So I moved code to mesh shaders. It was pain to do so. I was hitting some edge cases

#

Now finally meshlets lods

#

Gotta do a lot of reading

merry laurel
#

also got this baby

merry laurel
#

I am thinking of taking pause on this project and try hw rt

supple cliff
#

daxa rt?

merry laurel
supple cliff
#

cool cool

#

the shader binding table stuff is still very akawrd

#

but we couldnt find a good abstraction yet

#

jaisero worked on it a while but i didnt check on it

#

So i am eager to see what you come up with

merry laurel
#

yeah I was looking at shader binding table and it was ify. I have some idea but idk

merry laurel
#

@supple cliff My idea to get rid of indices is to wrap it into objects that would hide the index and make it readable.

#

This the idea I got without much going in depth

merry laurel
#

I might have shot myself into foot with offline asset baking and some assumptions with meshlets

#

also I unload meshes from VRAM so another bullet hole in my foot

merry laurel
#

quite chonker

paper ore
#

is that your current project?

merry laurel
#

yeah if you render your scene in 0.2ms and you are sending 500mbps it fill ups quite fast

merry laurel
paper ore
#

ah

#

but

#

what does it show exactly

merry laurel
#

it shows the amount of data that tracy received from application that is being profiled

pale vortex
#

when you really want to make sure you get 60fps even after your game runs for 100 hours

paper ore
#

i see

merry laurel
#

much better

merry laurel
#

sw raster

#

sw raster disabled

#

quite abysmal

summer sigil
#

Uh, why's it so slow?
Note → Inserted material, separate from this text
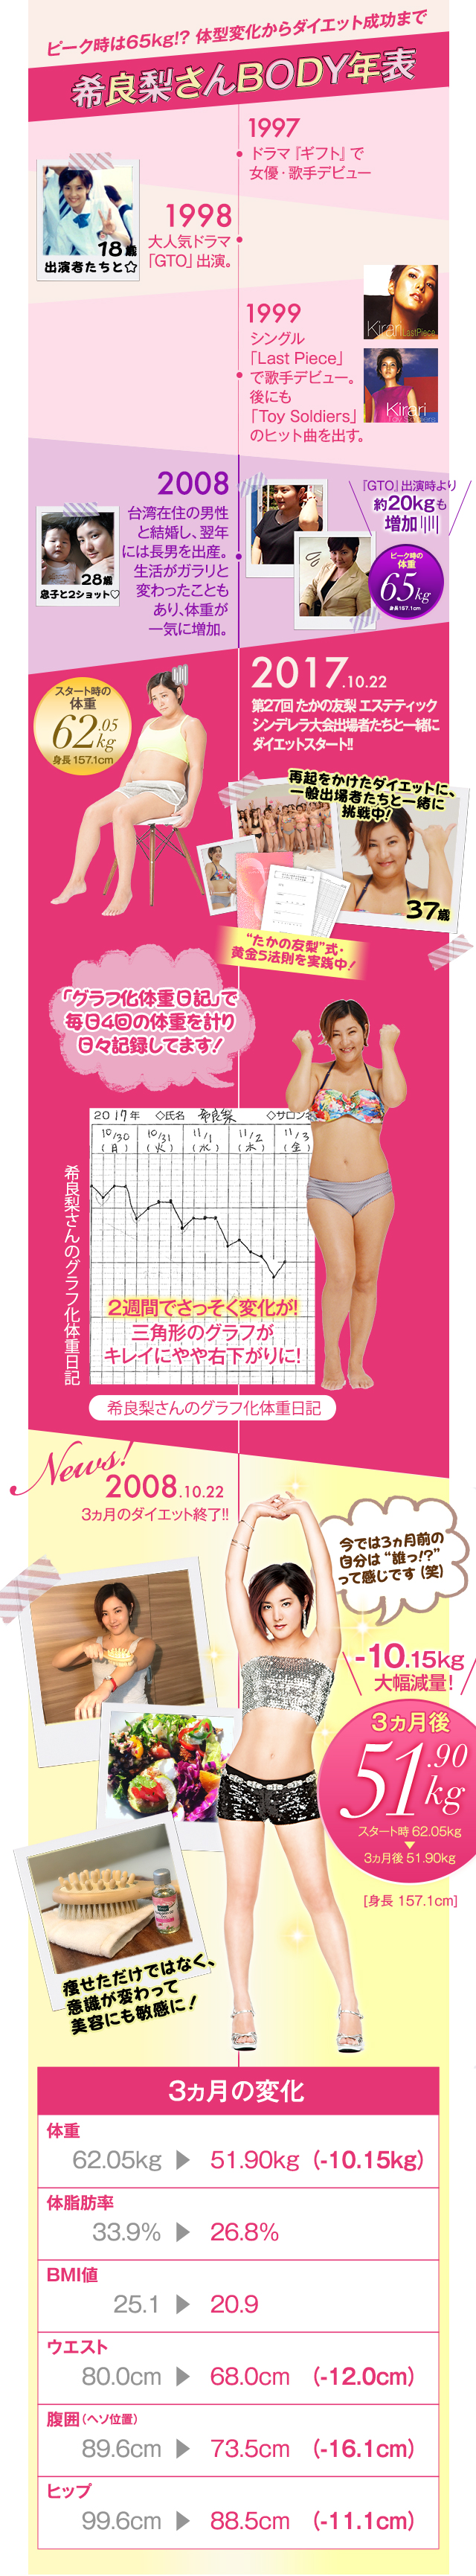 ドラマ Gto に出演していた元アイドル女優 希良梨さん 37 が 3ヵ月間の本気ダイエットで 10 15kg エステといえば たかの友梨

Mine is way faster ๐Ÿค”

#

Did you cache vertices in wg memory?

supple cliff
#

i also have way more occupancy, its at 80% or so for me

#

maybe its the scene

merry laurel
#

I do cache in wg memory and the scene in question

#

its 2544037 meshlets in question to be sw rendered nervous

#

both in early and late pass

#

Only thing to help me would be LODs

merry laurel
#

finally slang support froge_love

summer sigil
#

Does nsight have anything that tells you which variables are living long?

#

It just tells you number of live registers, but I don't see how to turn that into something actionable

merry laurel
#

I will be able to check in 10 hours after school bleaker_kekw

supple cliff
#

it shows what register usage certain lines cause

merry laurel
#

I've got no clue

#

This is the first time I am able to profile the frame and see shaders

merry laurel
#

made it bit better

merry laurel
#

now this is the worst offender

#

I made other change which cut it by 0.5ms in total. But these changes are quite incremental. The biggest problem is how many meshlets are rendered in first place

merry laurel
#

I found easy trick to compute normal matrix on gpu

#

and its dirt cheap

#
    cross(transform_matrix[1].xyz, transform_matrix[2].xyz), 
    cross(transform_matrix[2].xyz, transform_matrix[0].xyz), 
    cross(transform_matrix[0].xyz, transform_matrix[1].xyz)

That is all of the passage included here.